# Data shown:
Start of Block

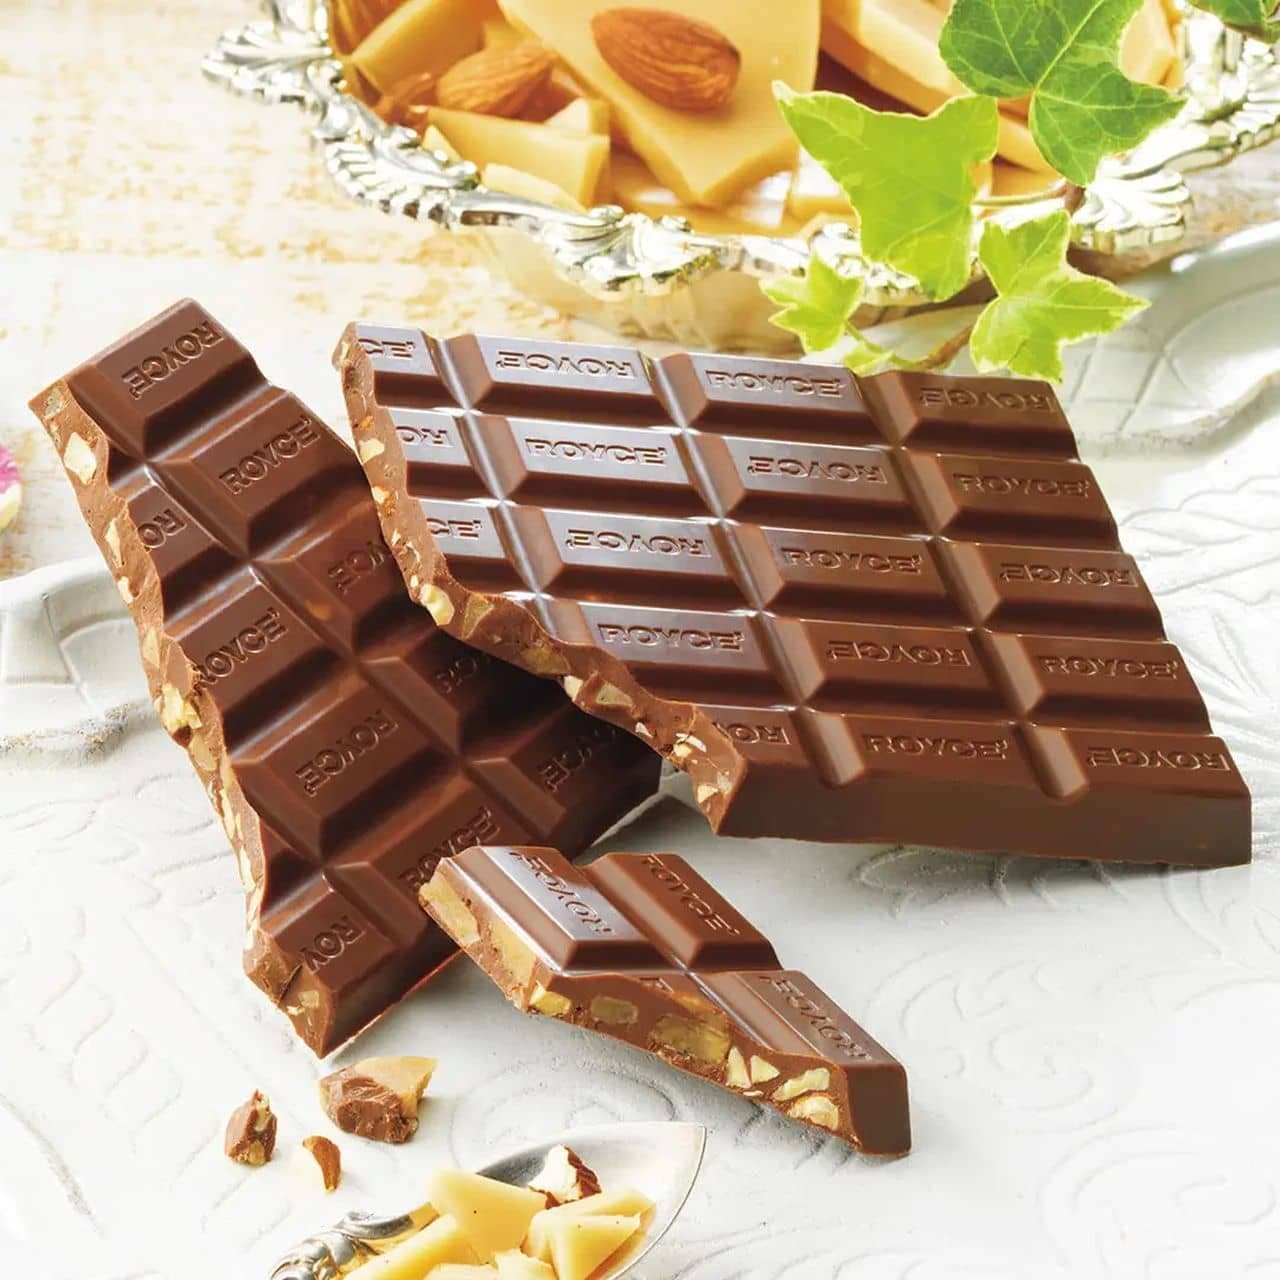 Lloyds "Chocolate Board [Toffee & Almond]".
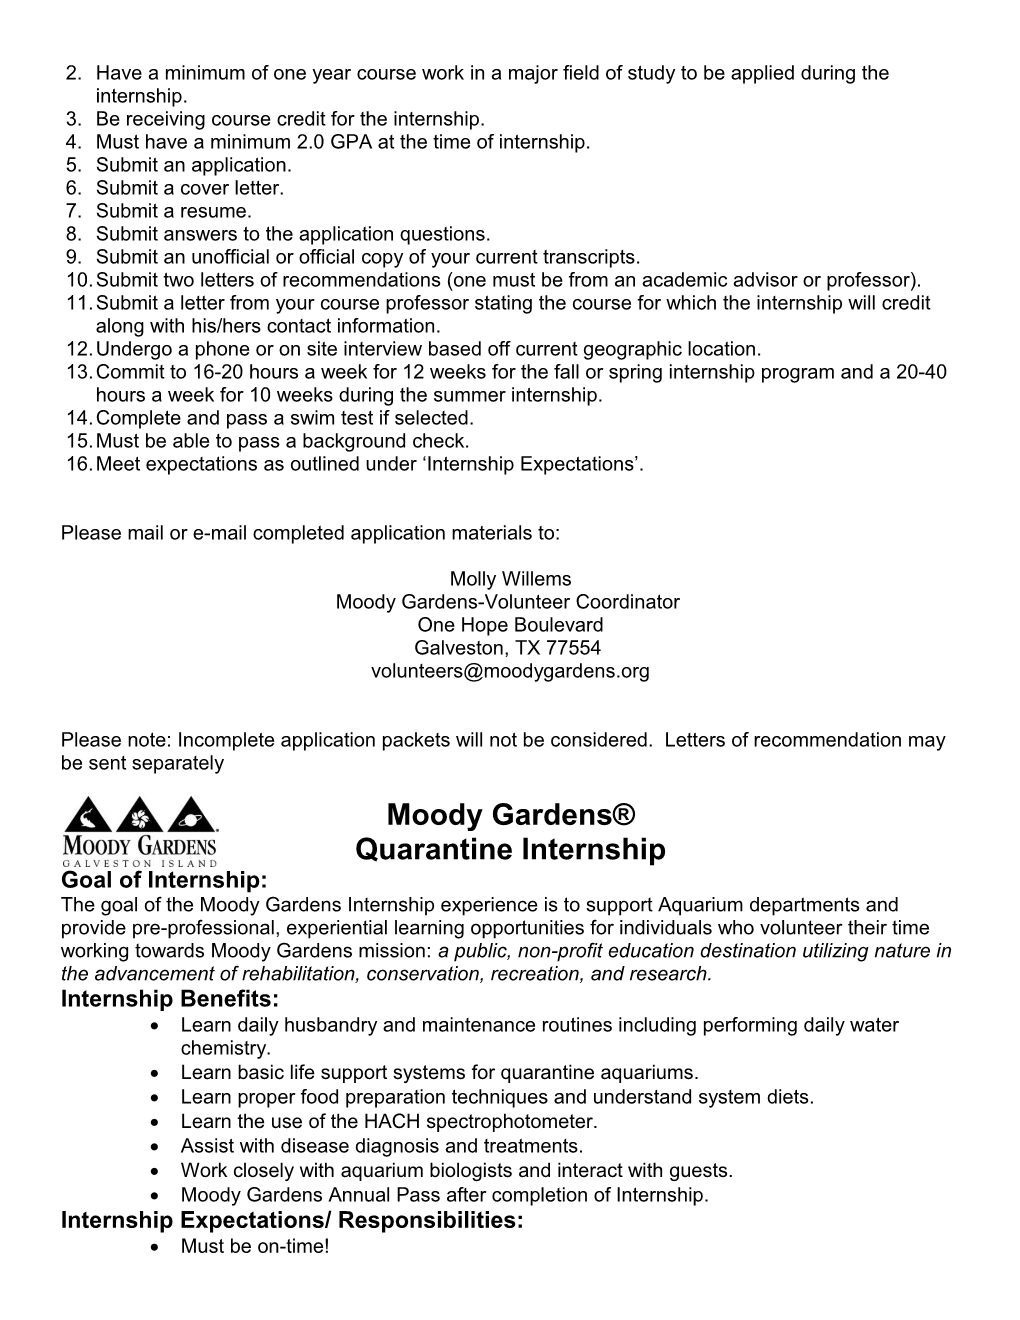 Moody Gardens Quarantine Internship Application
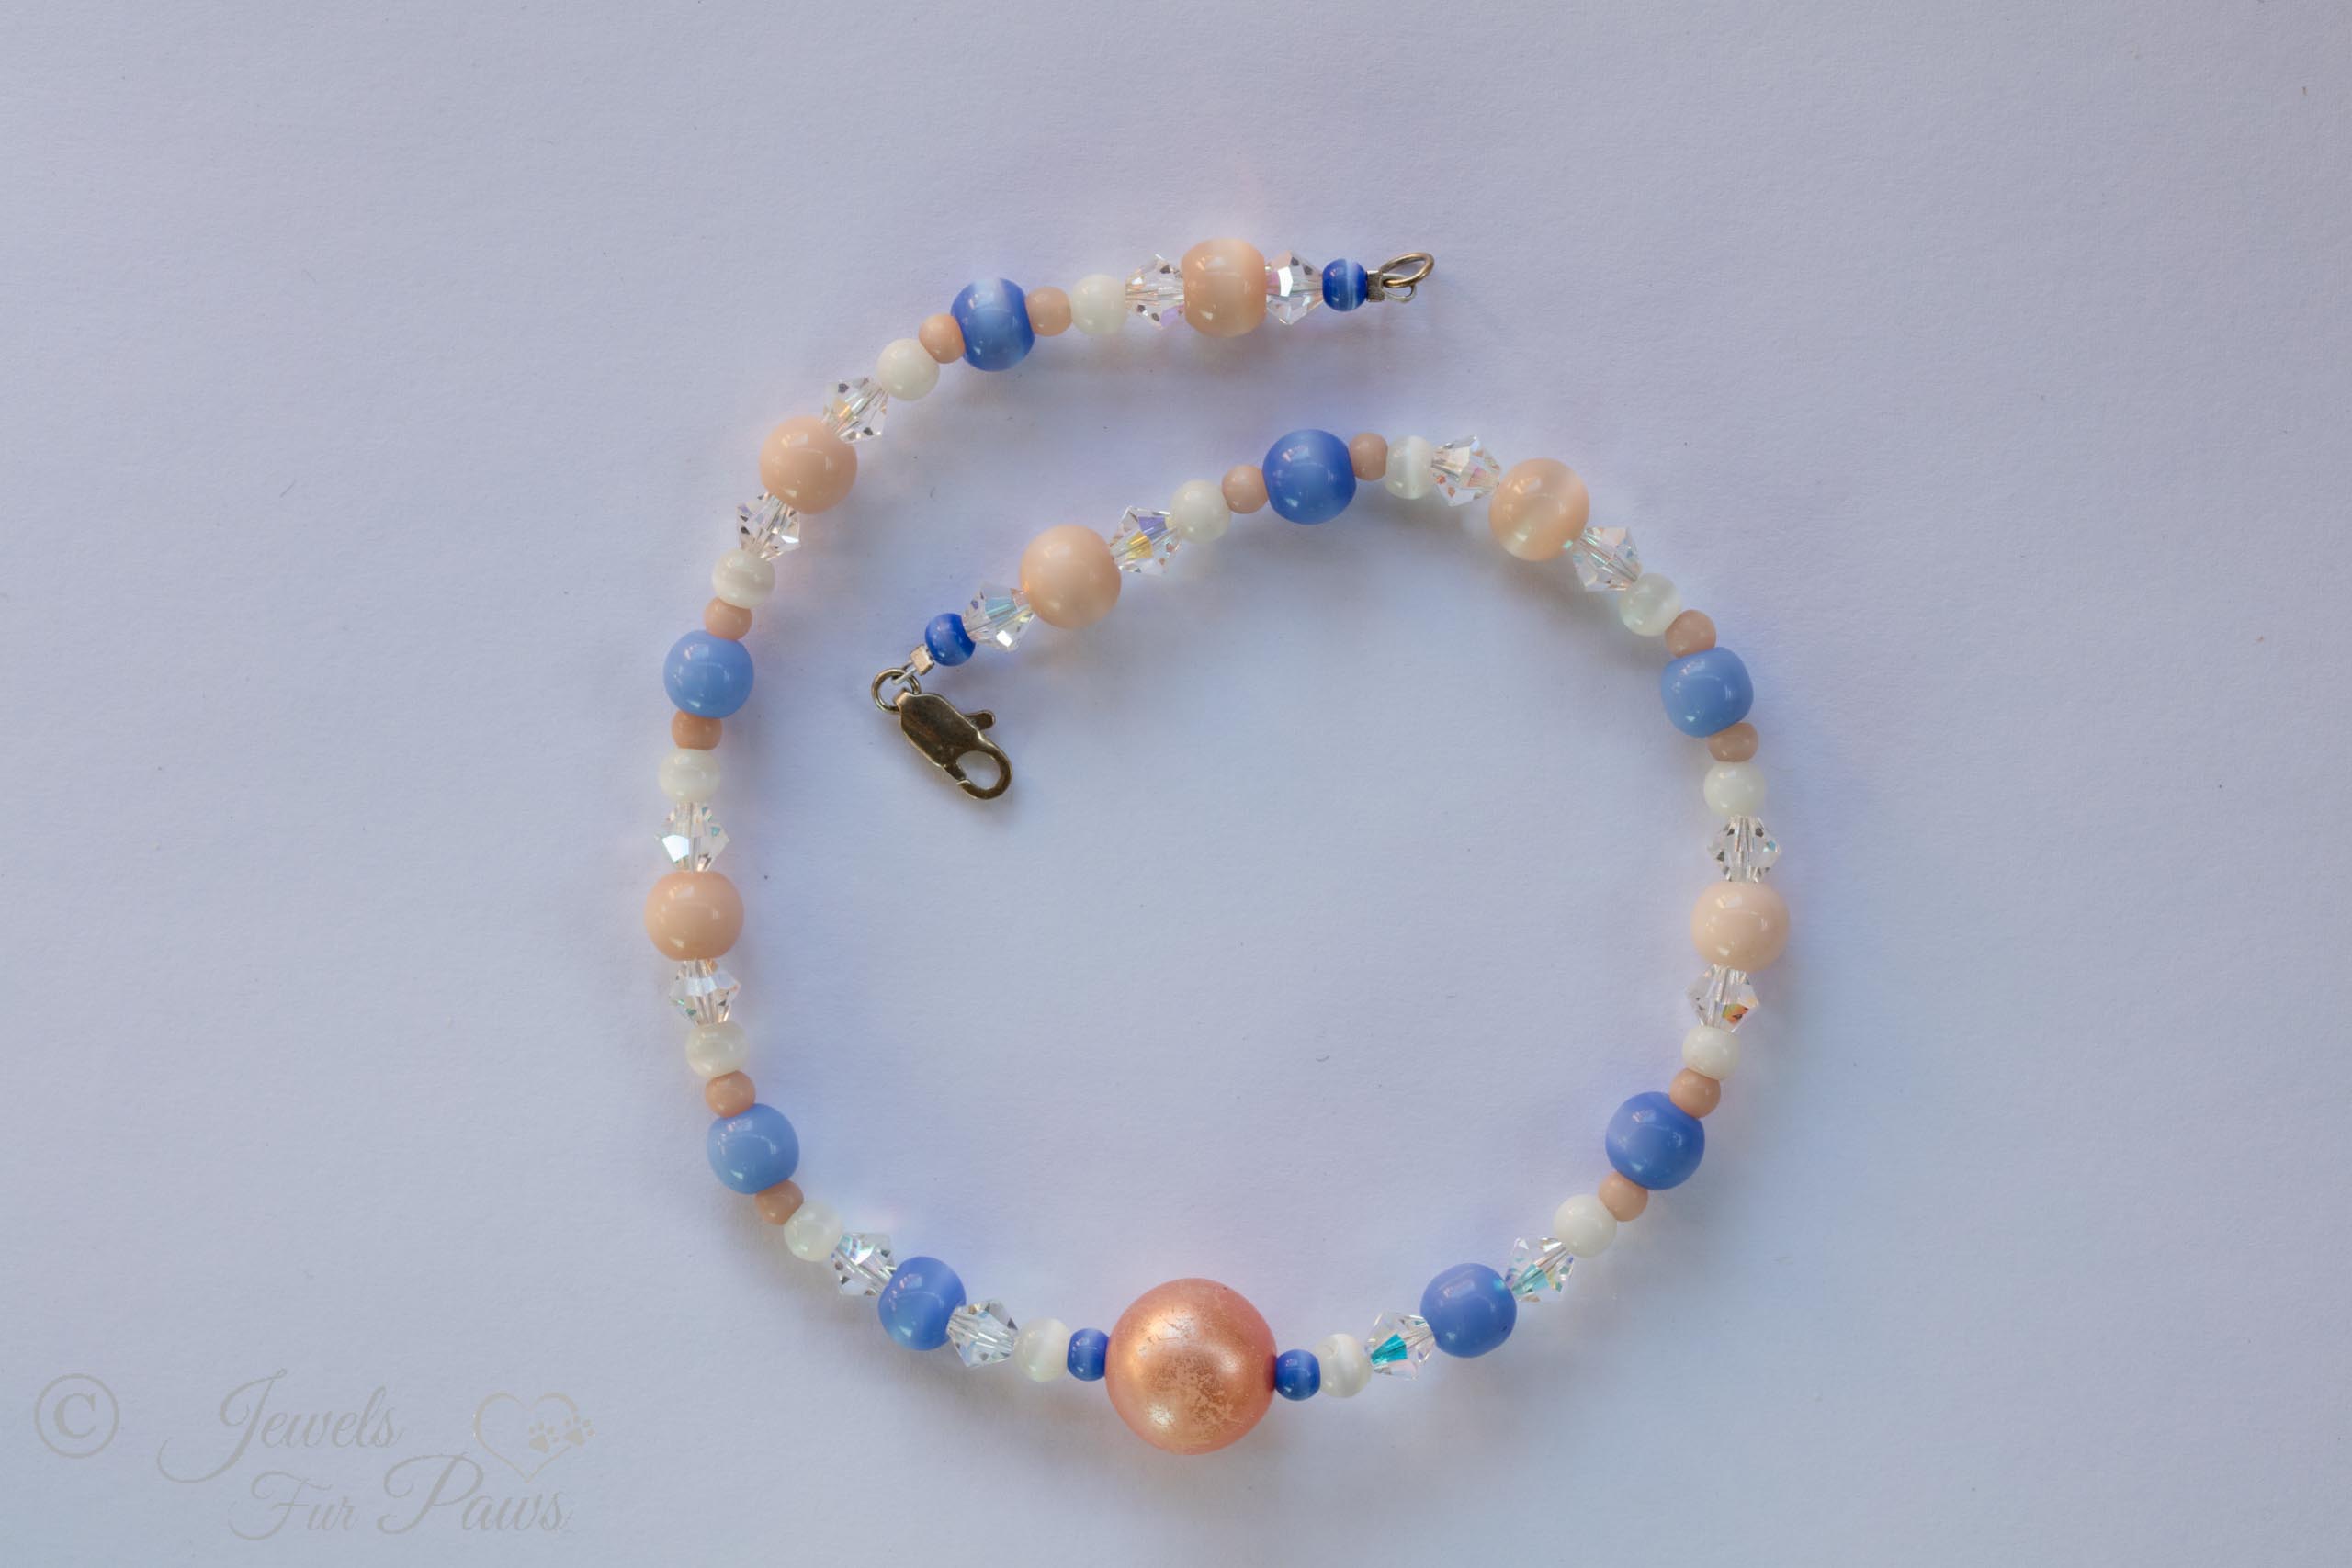 cat dog pet necklace large salmon orange bead with cats eye blue and white beads on white background
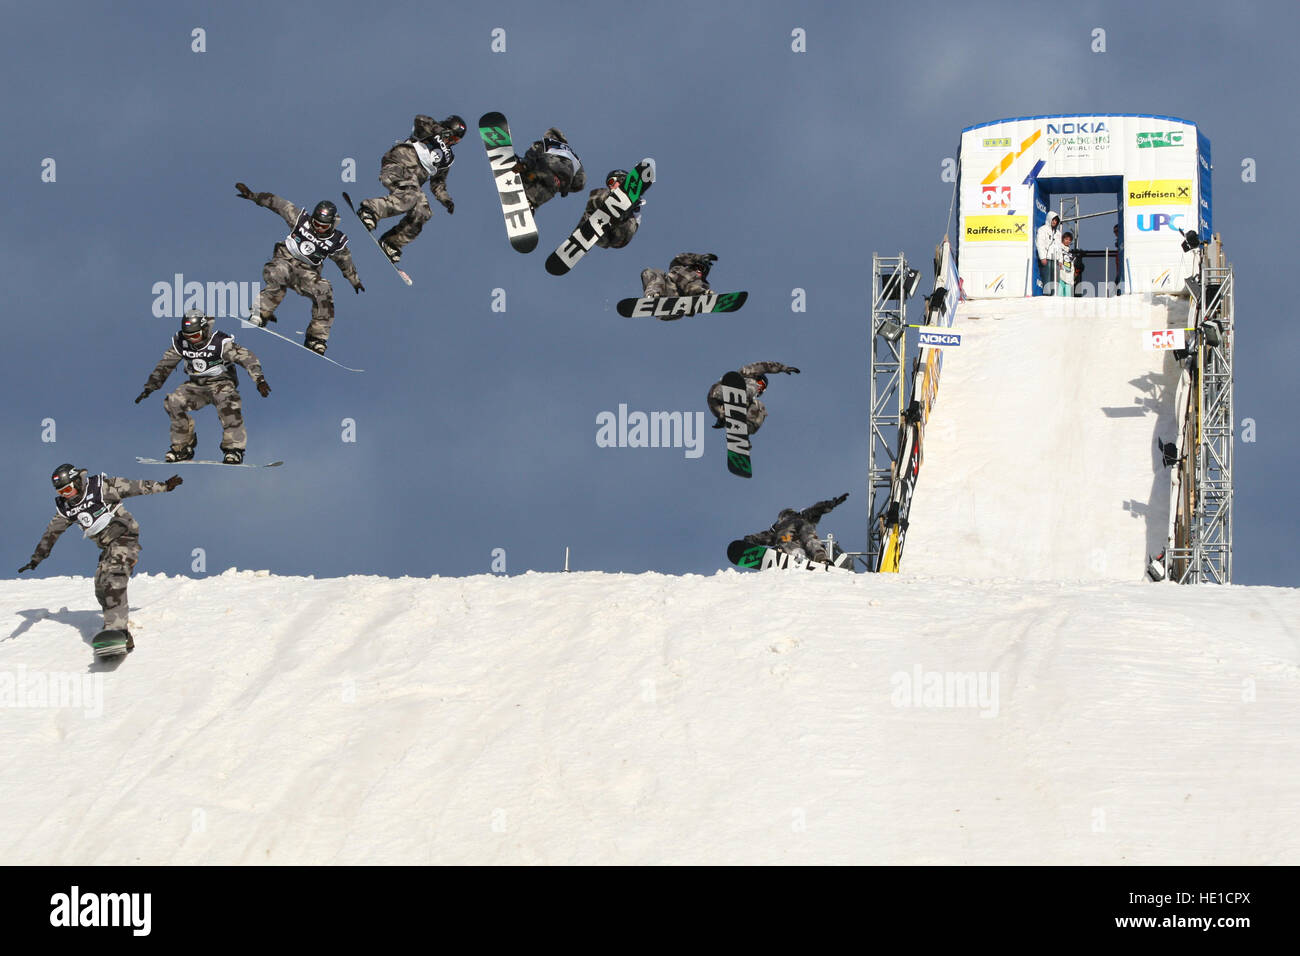 Snowboarder, jump Stock Photo

End of Block

# Exercise details:
Copy exactly, and only, the lines from the line containing "Moody Gardens Quarantine" through the final line of the material above, with no pictures.

# Answer to this task:
 Moody Gardens Quarantine Internship Application
 cat dog pet necklace large salmon orange bead with cats eye blue and white beads on white background
 Snowboarder, jump Stock Photo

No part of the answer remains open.